◆ WORK TO COMPLETE
Return the listing that follows exactly, with no pictures included.
*** PROVIDED DATA ***
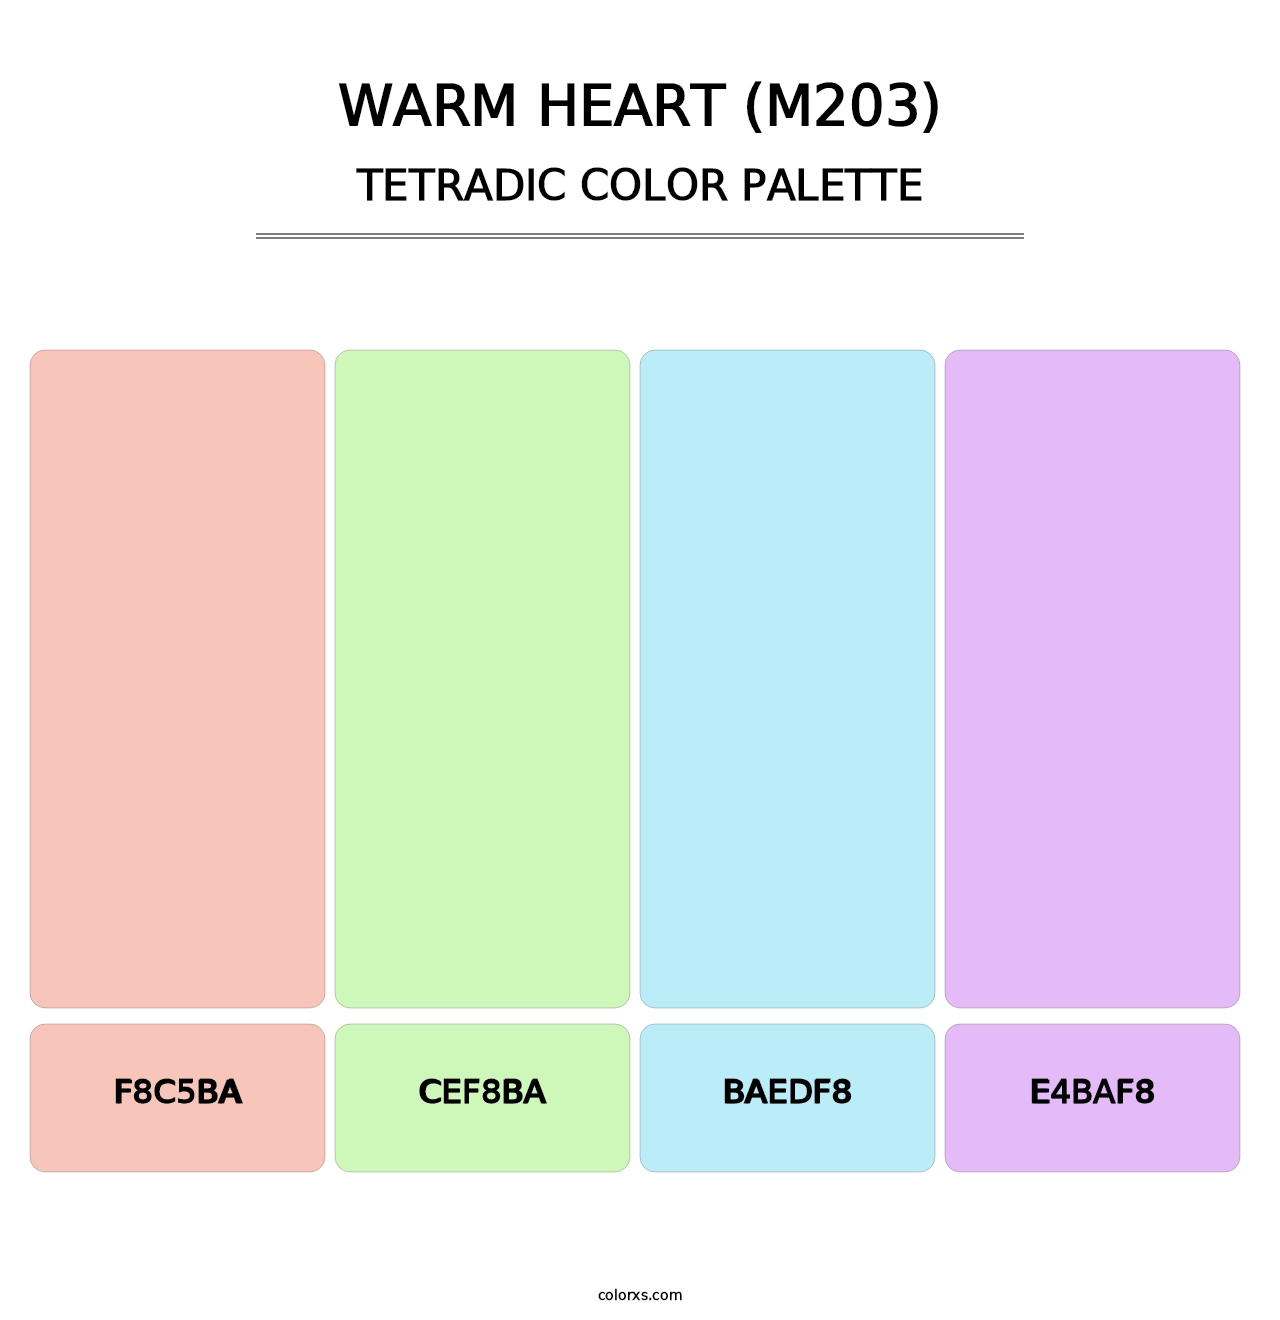 Warm Heart (M203) - Tetradic Color Palette
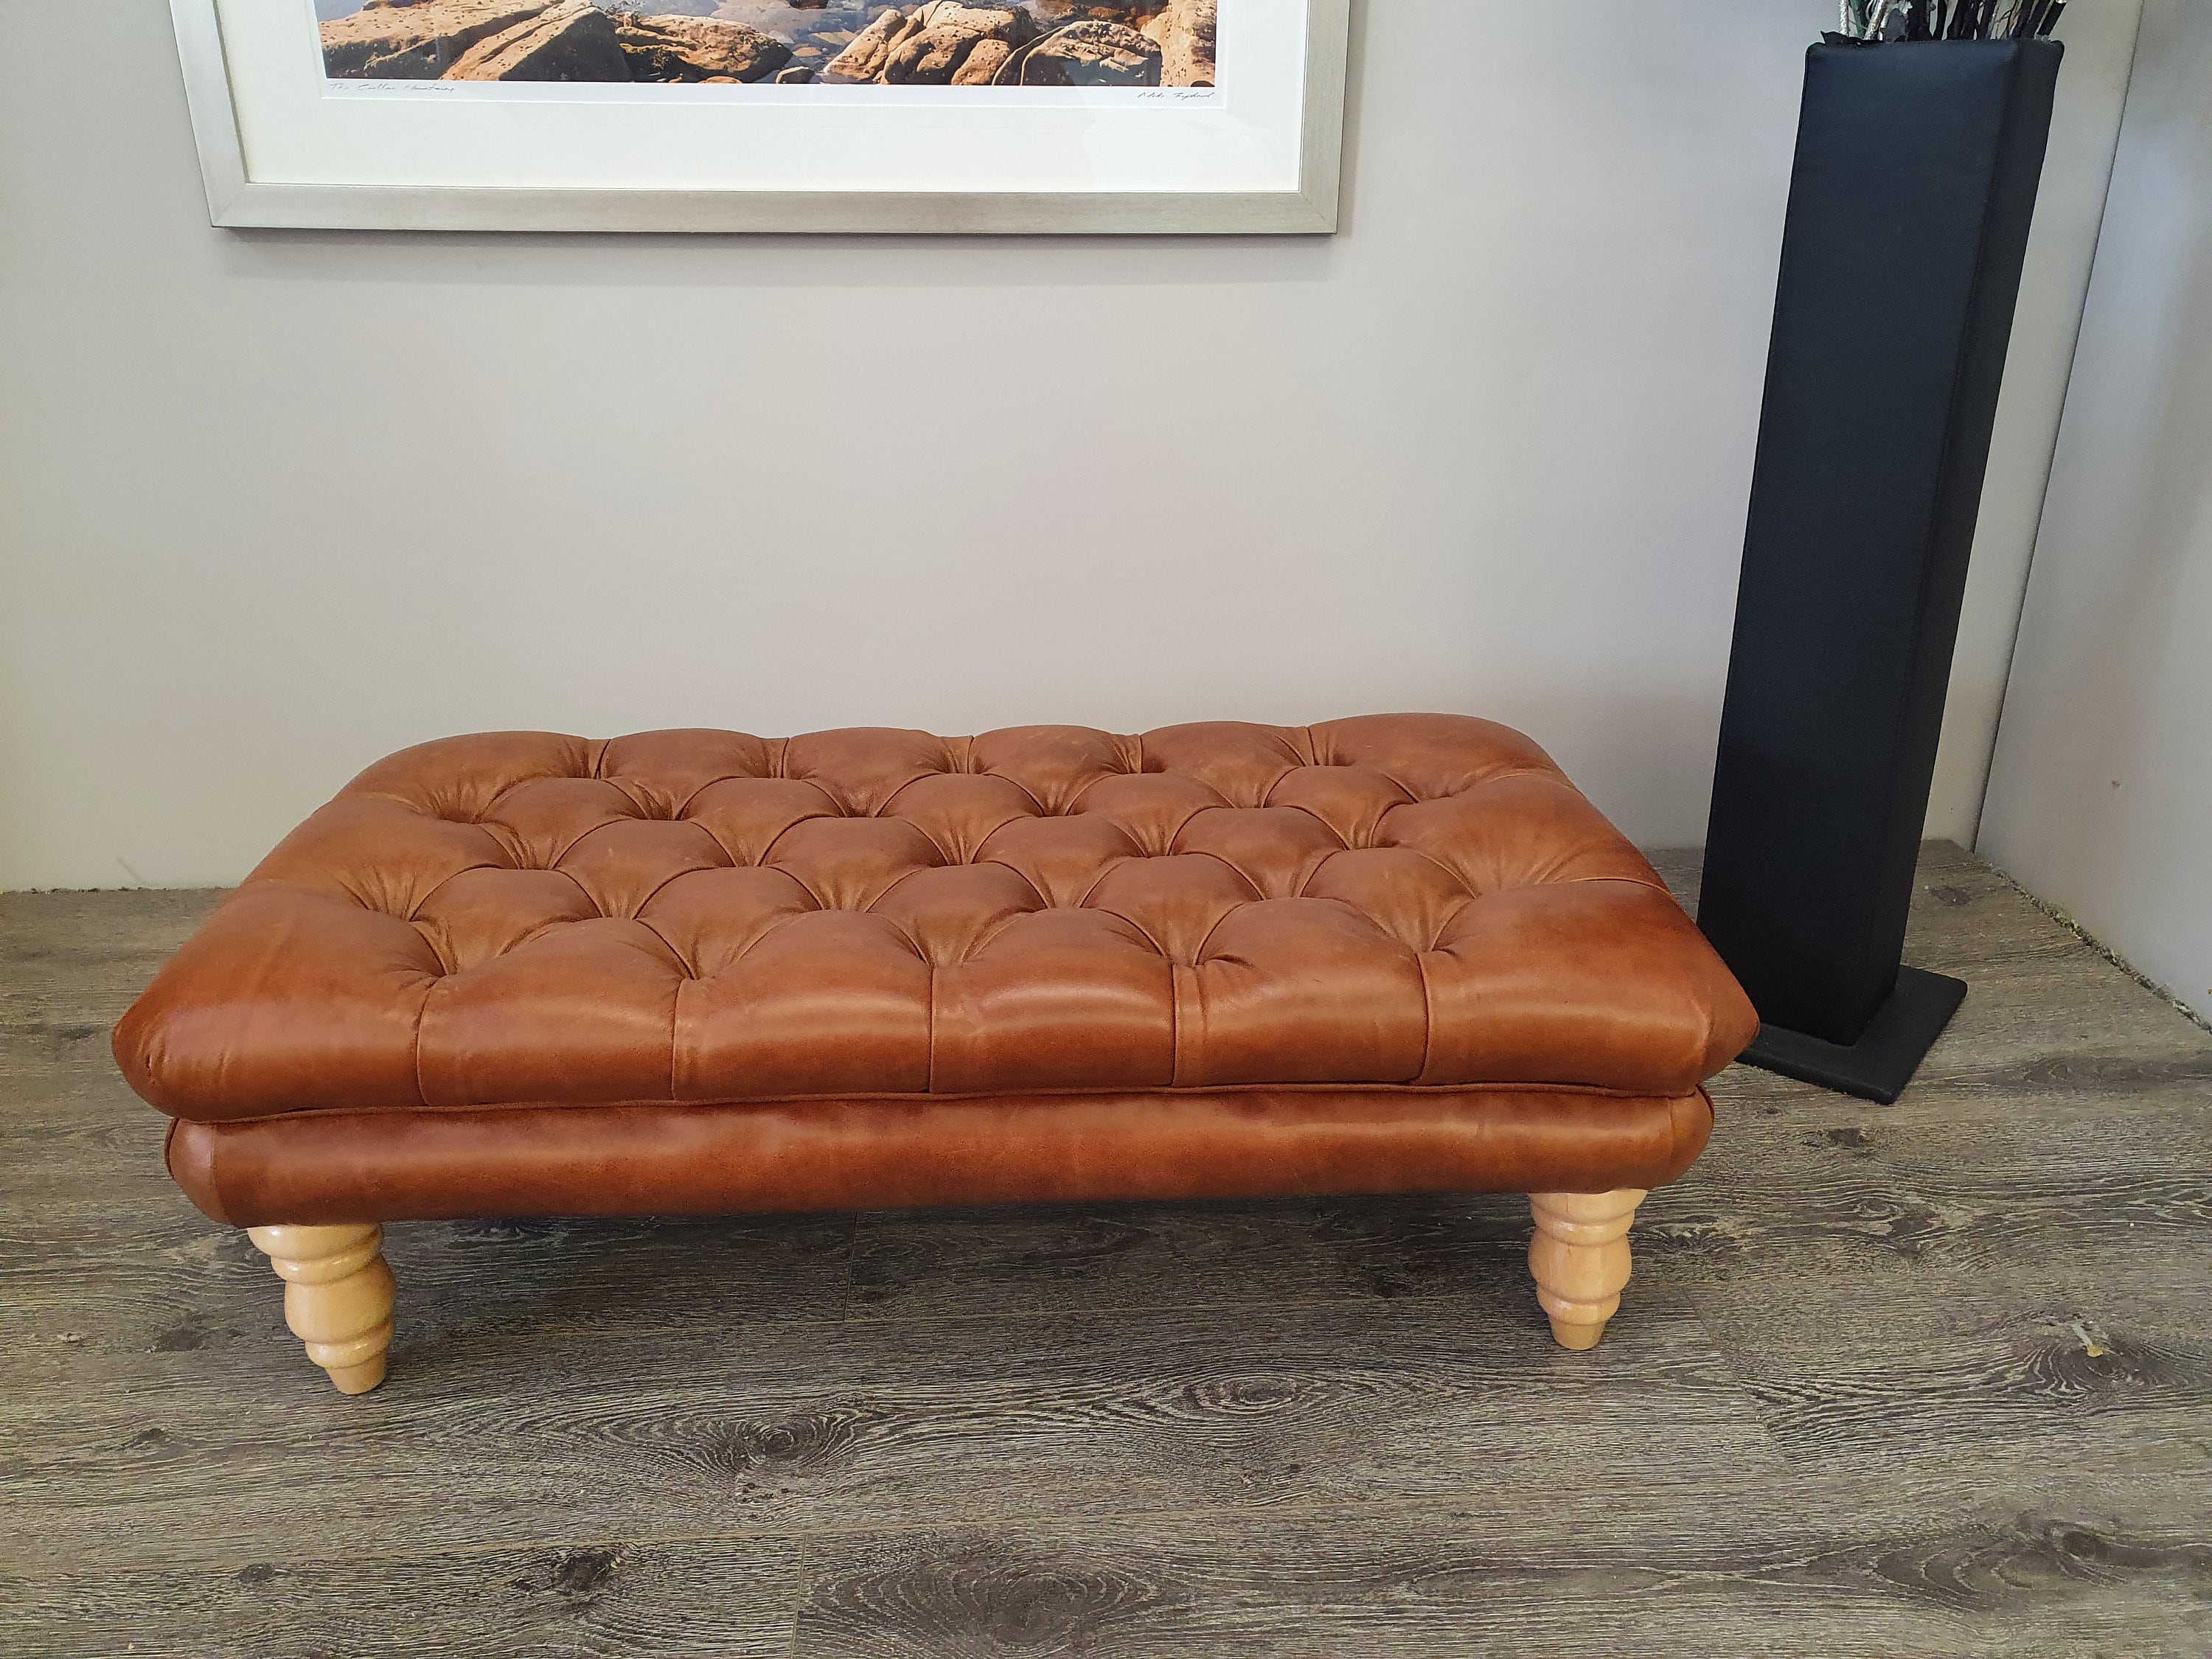 AMANDA BLACK Furniture Genuine Leather Hide Upholstery
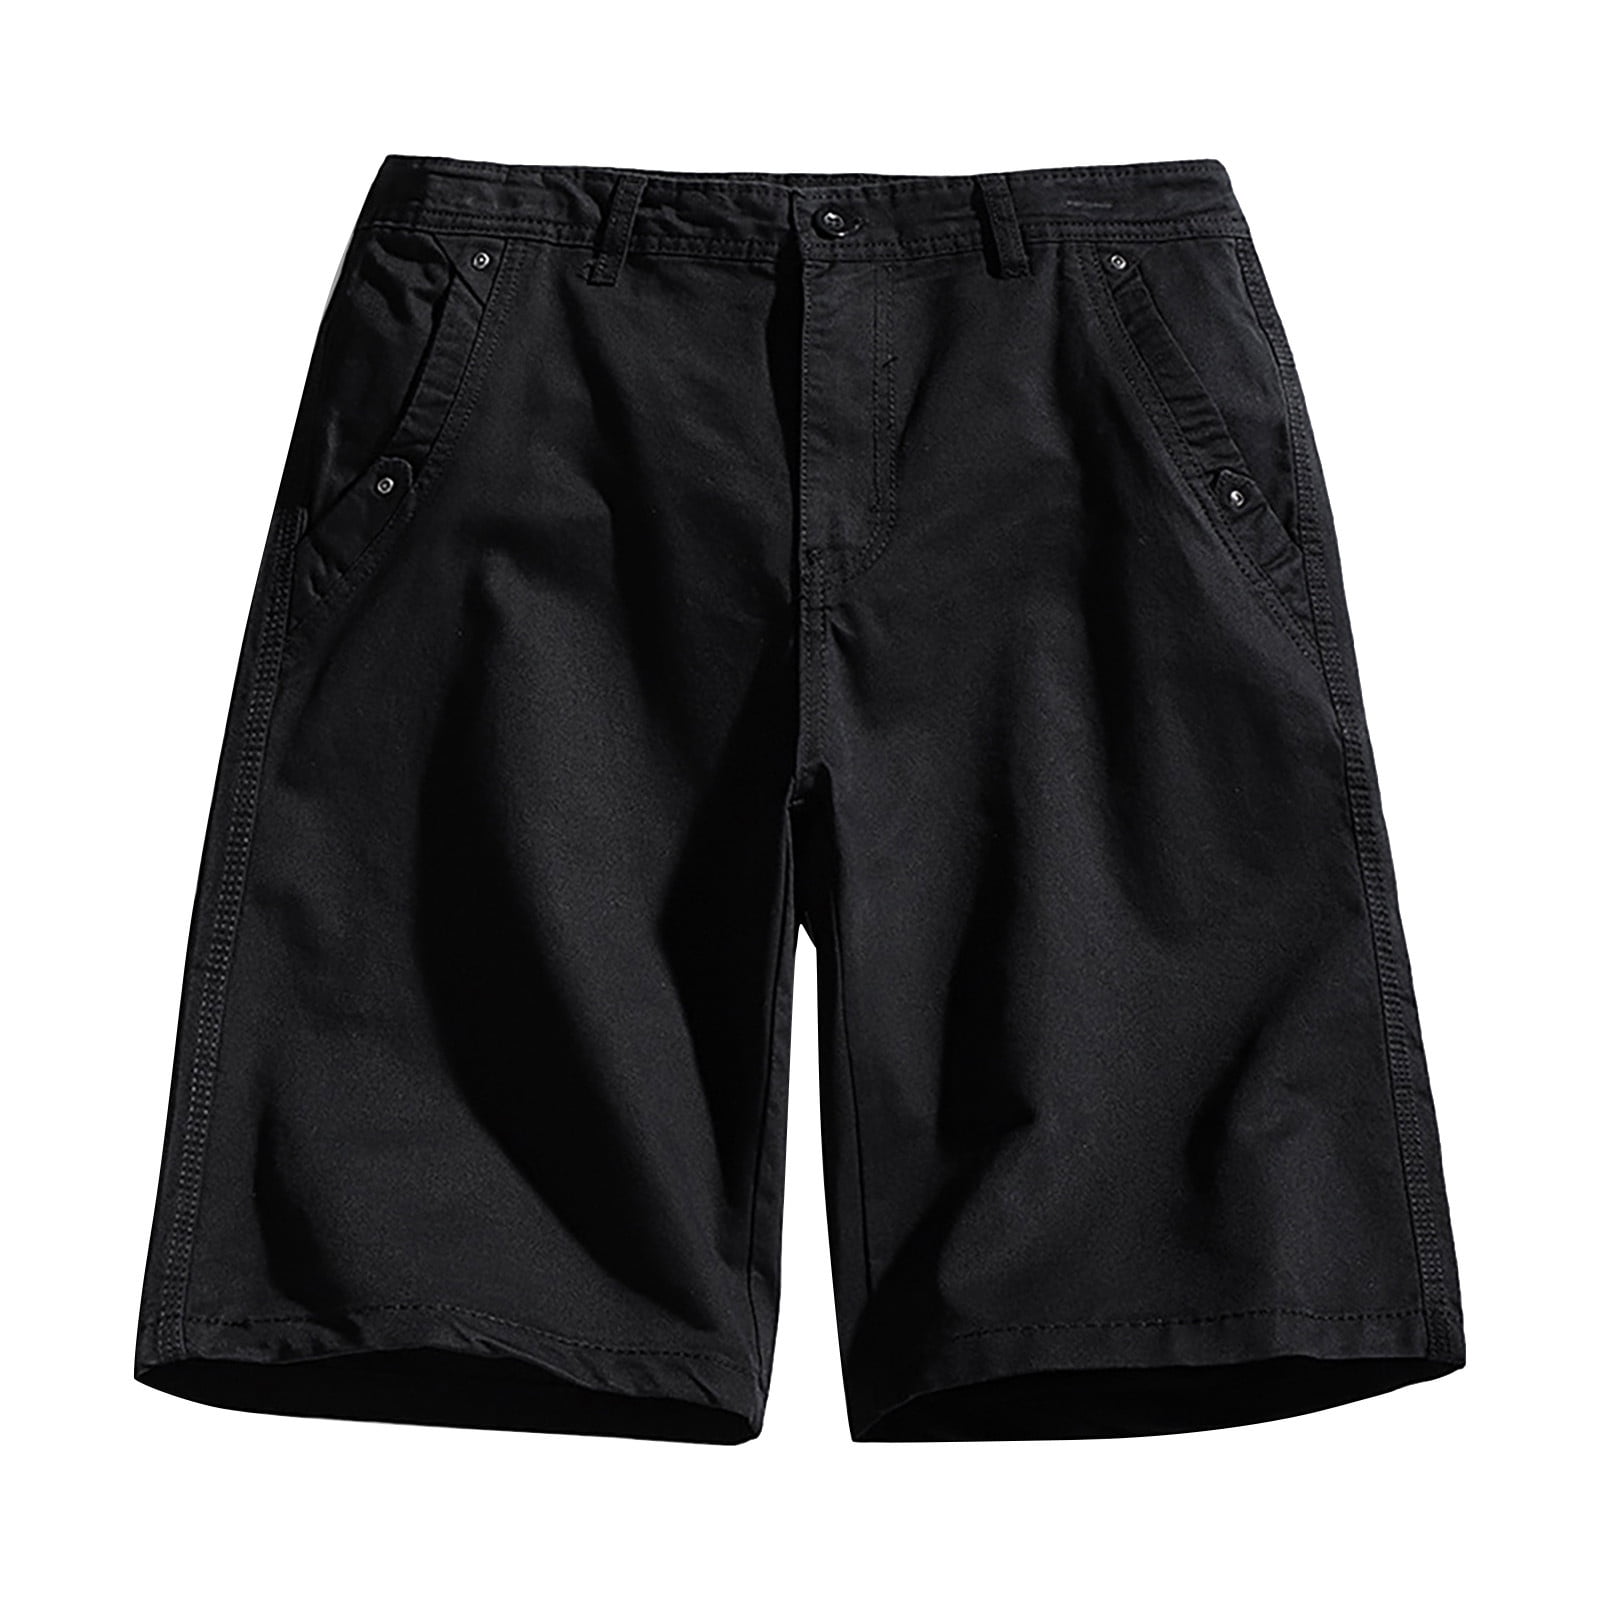 8QIDA Leisure Jogging Cargo Cotton Men's Summer Shorts Shorts Vintage ...
***
◆ OUTPUT FOR THIS TASK
 Warm Heart (M203) - Tetradic Color Palette
 AMANDA BLACK Furniture Genuine Leather Hide Upholstery
 8QIDA Leisure Jogging Cargo Cotton Men's Summer Shorts Shorts Vintage ...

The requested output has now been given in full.